Now let’s build a new graph that has some variants built into it. First, take a look at at tiny/tiny.vcf.gz
, which contains variants in (gzipped) VCF format.
vg construct -r tiny/tiny.fa -v tiny/tiny.vcf.gz -m 32 > tiny.vg
Are there any warnings in the output? If yes, what do they indicate? Visualize the resulting graph.
Ok, that’s nice, but you might wonder which sequence of nodes actually corresponds to the sequence (tiny.fa
) you started from? To keep track of that, vg
adds a path to the graph. Let’s add this path to the visualization.
vg view -dp tiny.vg | dot -Tpdf -o tiny.pdf
You find the output too crowded? Option -S
removes the sequence labels and only plots node IDs.
vg view -dpS tiny.vg | dot -Tpdf -o tiny.pdf
Another tool that comes with the graphviz
package is Neato
. It creates force-directed layouts of a graph.
vg view -dpS tiny.vg | neato -Tpdf -o tiny.pdf
For these small graphs, the difference it not that big, but for more involved cases, these layouts can be much easier to read.

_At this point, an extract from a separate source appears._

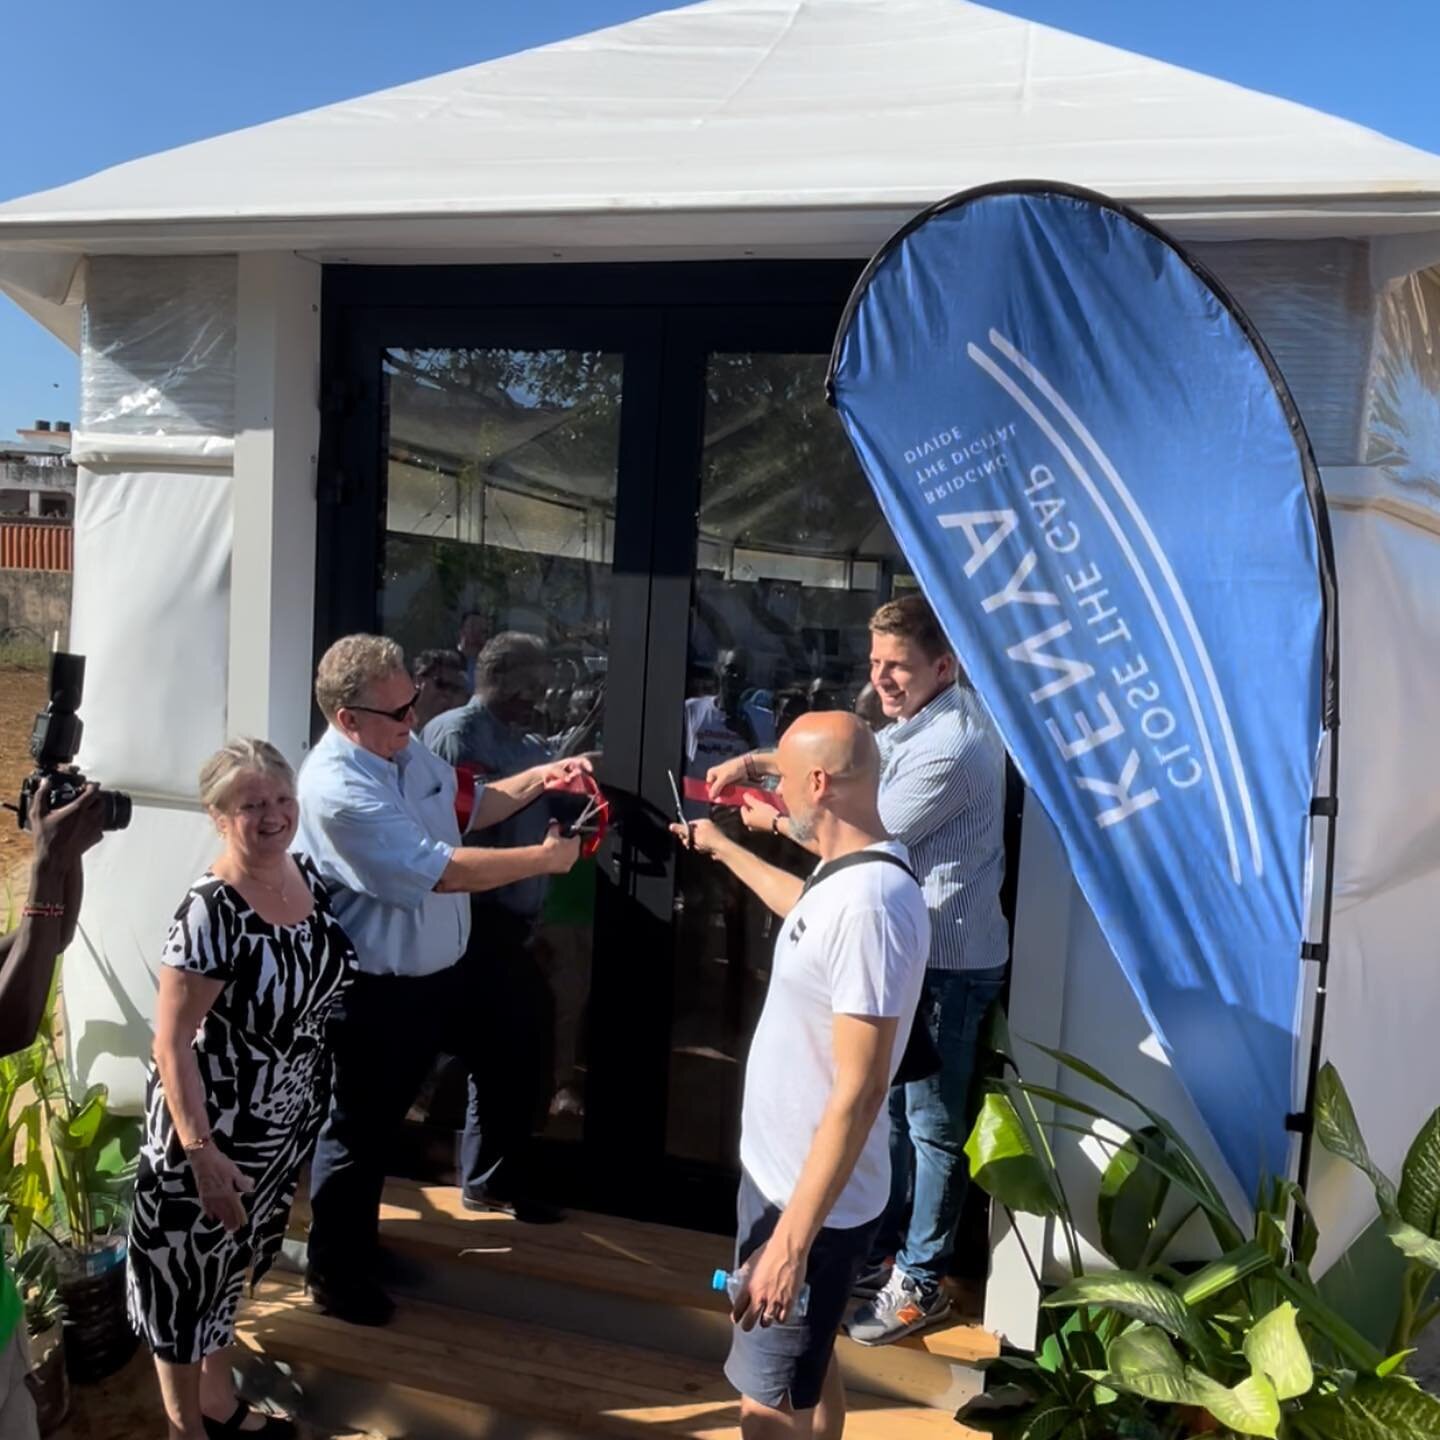 Maggie goes to Mombasa - official opening - Monday the Maggie was officially inaugurated by our Belgian ambassador Peter Maddens and professor Marleen Temmerman during the start of the Pwani innovation week 2022 in Mombasa. A lot of interesting start

It’s also possible to read the graph in different formats. For instance, we can write the graph in GFA, modify it using text processing tools, and read it back in:
vg view tiny.vg > tiny.gfa
The GFA file has three elements. S
records represent nodes, L
records represent edges, and P
records represent paths.
We can use grep to remove the path lines:
cat tiny.gfa | grep -v ^P | vg view -dp - | dot -Tpdf -o tiny.no_path.pdf
Try to remove the nodes and/or the edges from the GFA file and visualize them. What happens?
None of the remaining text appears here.